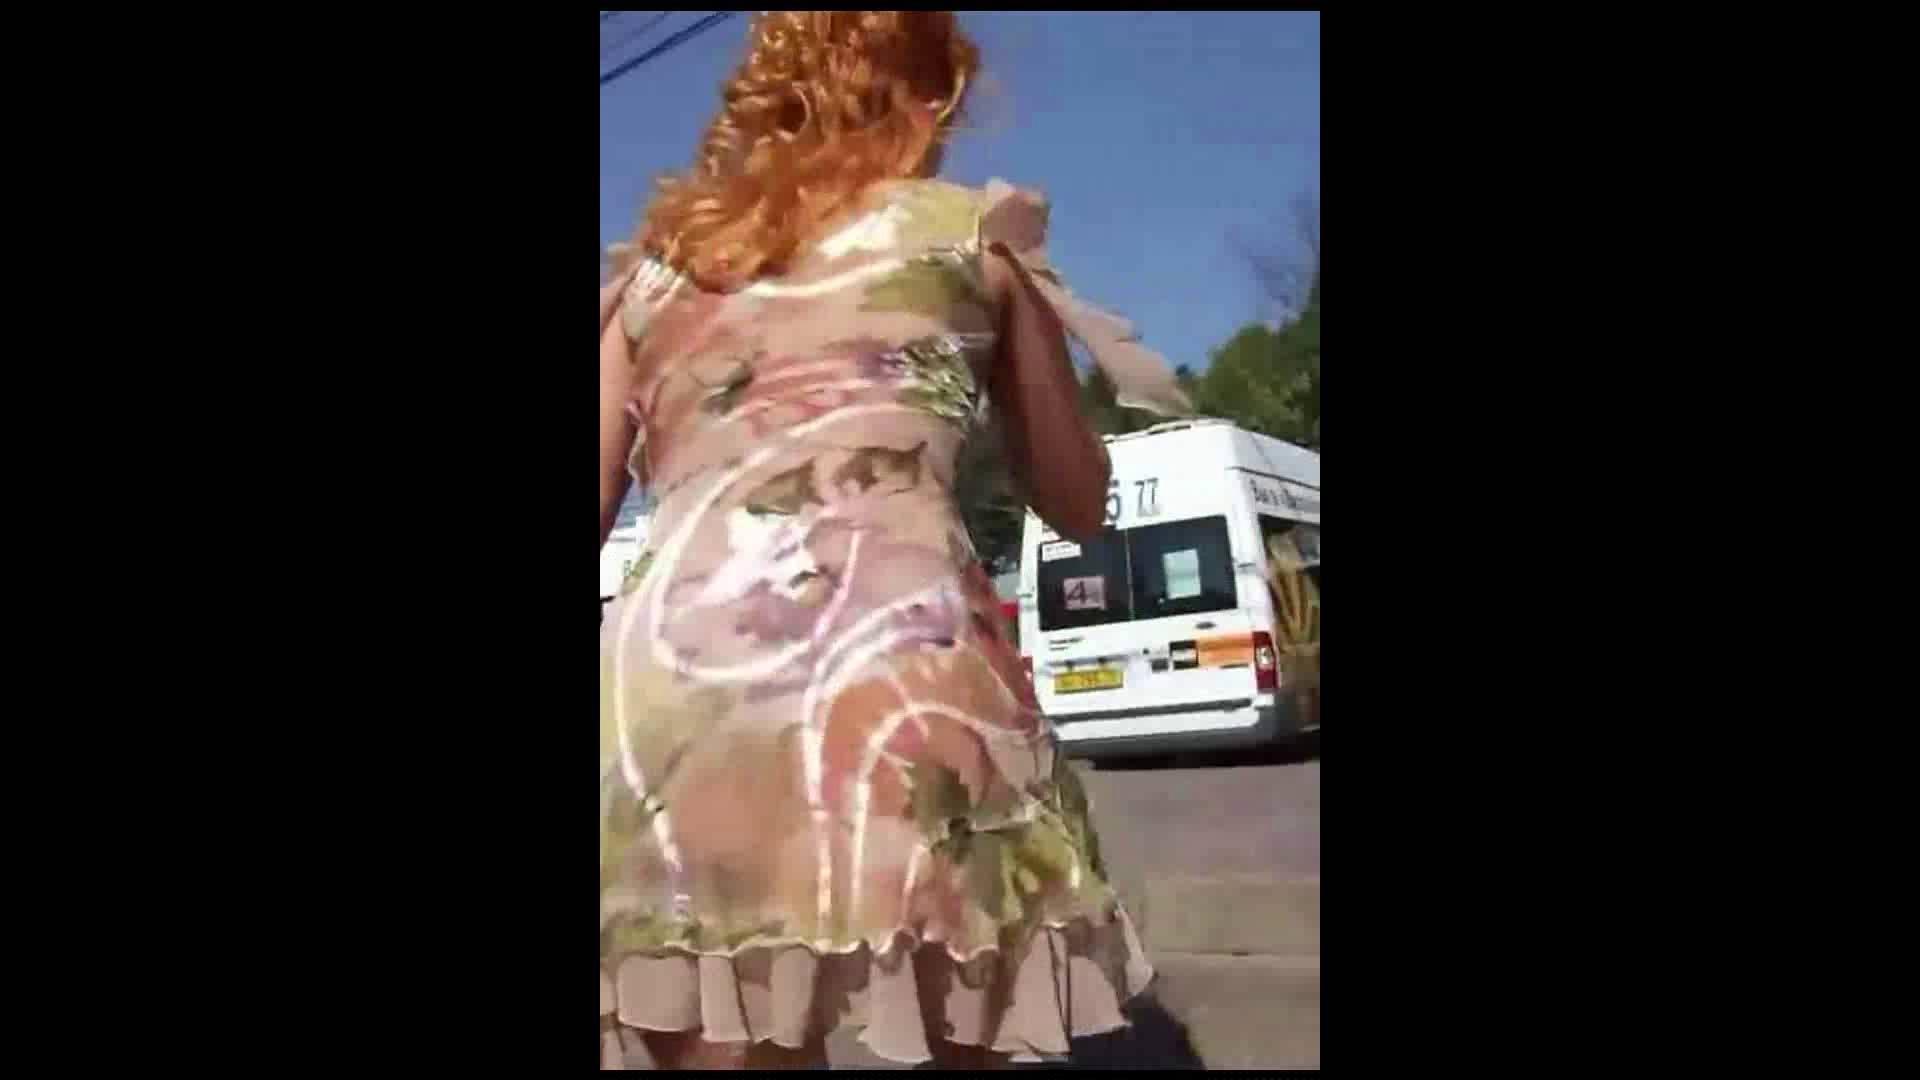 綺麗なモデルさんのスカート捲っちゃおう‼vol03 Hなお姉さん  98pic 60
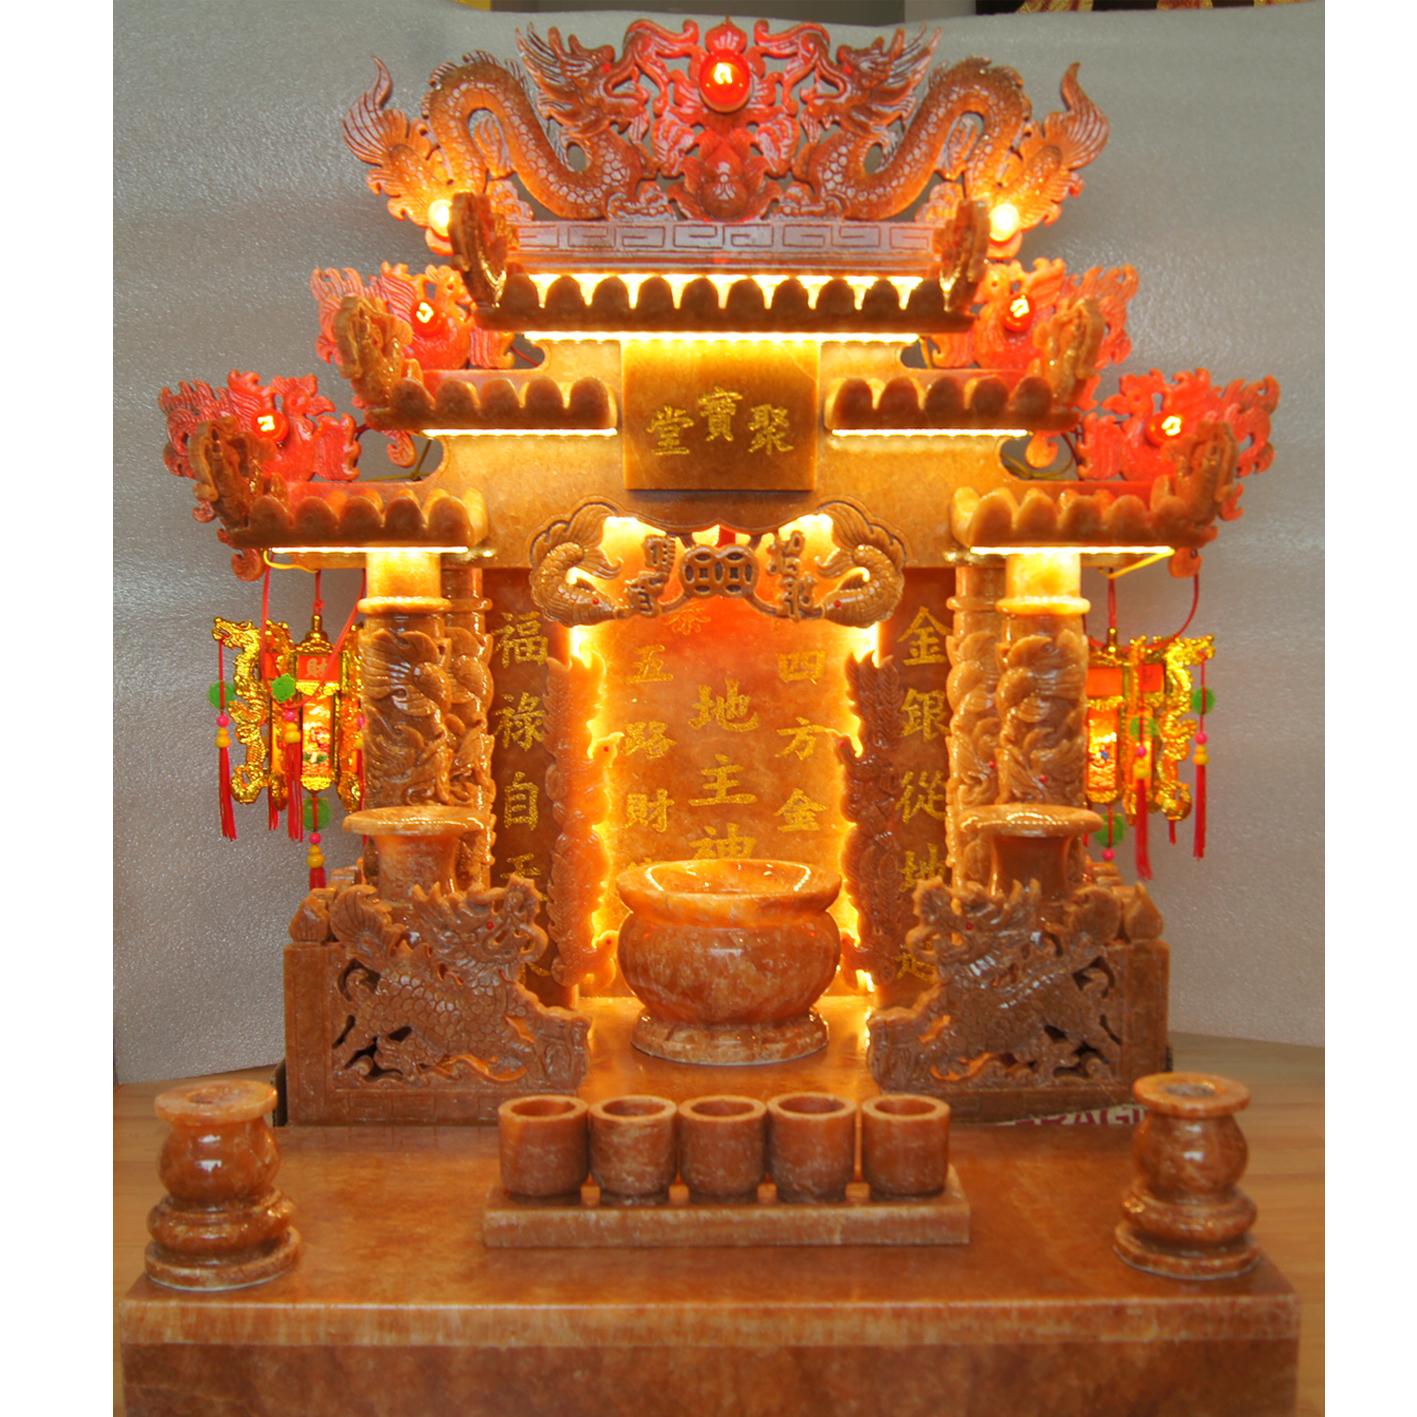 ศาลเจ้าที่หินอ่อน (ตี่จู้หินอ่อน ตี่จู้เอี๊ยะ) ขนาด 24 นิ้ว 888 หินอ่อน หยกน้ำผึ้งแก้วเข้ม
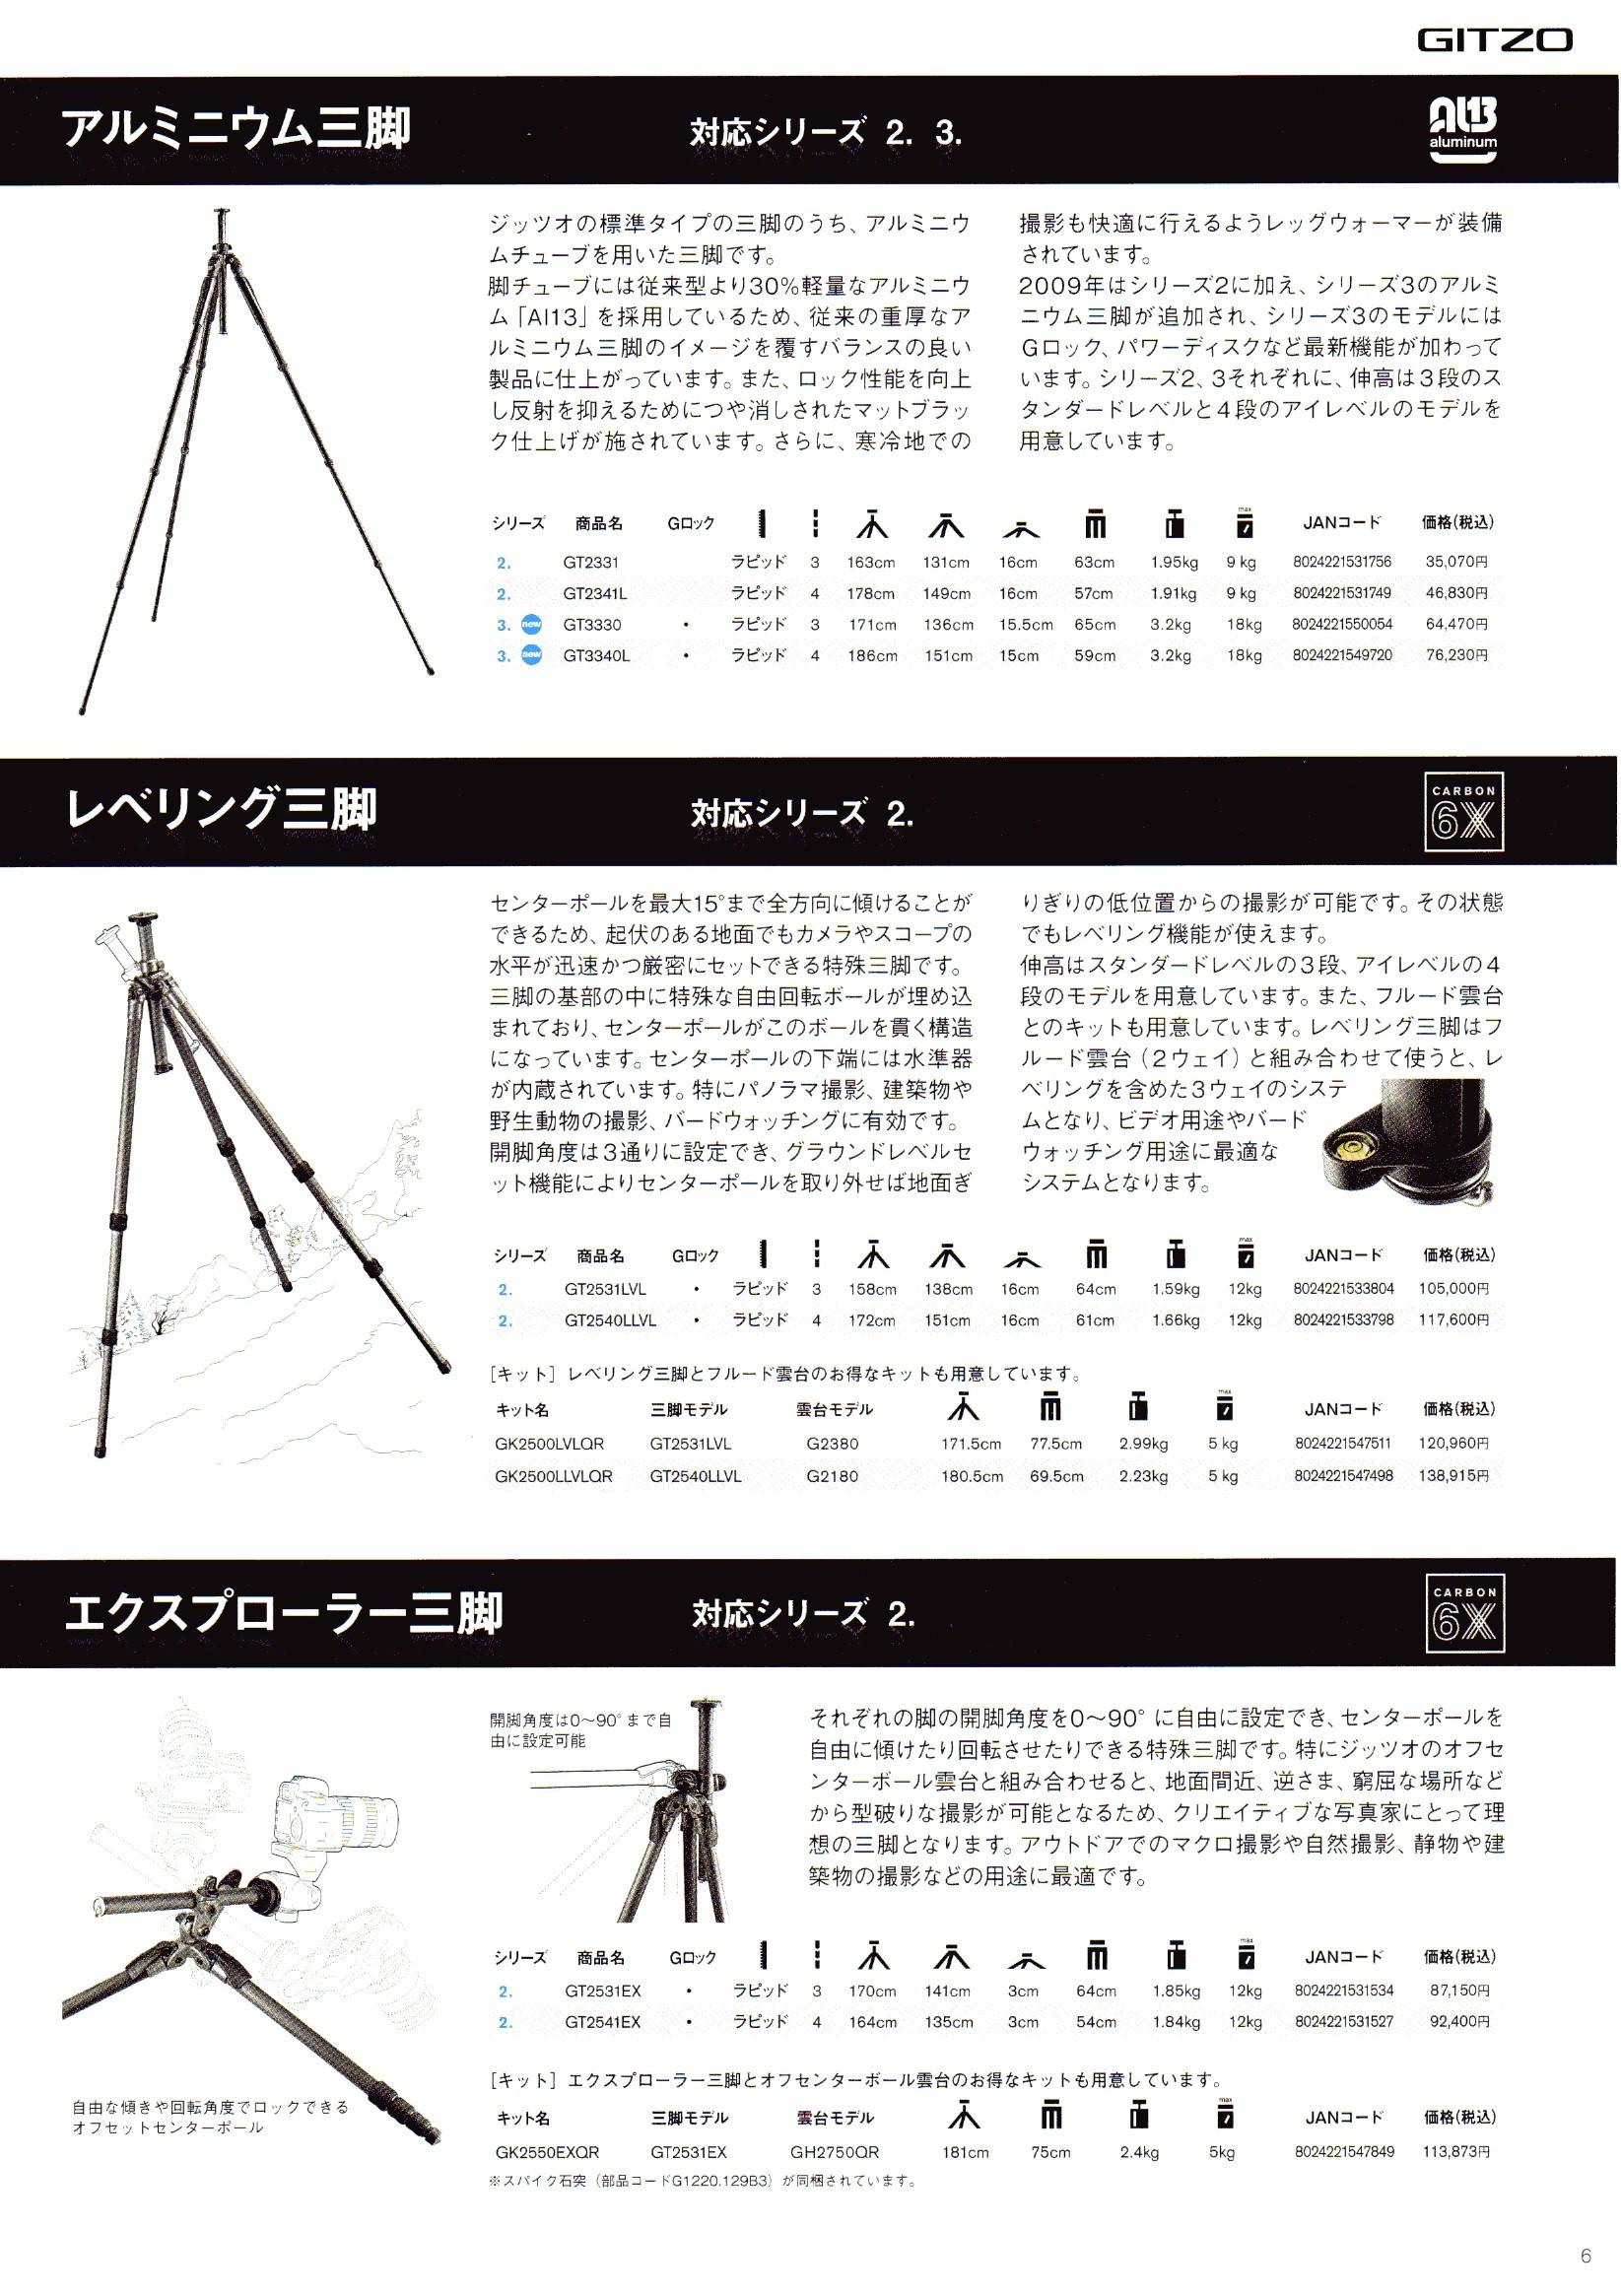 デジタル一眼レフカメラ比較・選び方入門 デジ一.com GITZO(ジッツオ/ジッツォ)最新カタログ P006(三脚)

+ + + + +

> What you are asked to do
All text in the material above must be written out exactly; the images are to be skipped.

> Output of the exercise
 綺麗なモデルさんのスカート捲っちゃおう‼vol03 Hなお姉さん  98pic 60
 ศาลเจ้าที่หินอ่อน (ตี่จู้หินอ่อน ตี่จู้เอี๊ยะ) ขนาด 24 นิ้ว 888 หินอ่อน หยกน้ำผึ้งแก้วเข้ม
 デジタル一眼レフカメラ比較・選び方入門 デジ一.com GITZO(ジッツオ/ジッツォ)最新カタログ P006(三脚)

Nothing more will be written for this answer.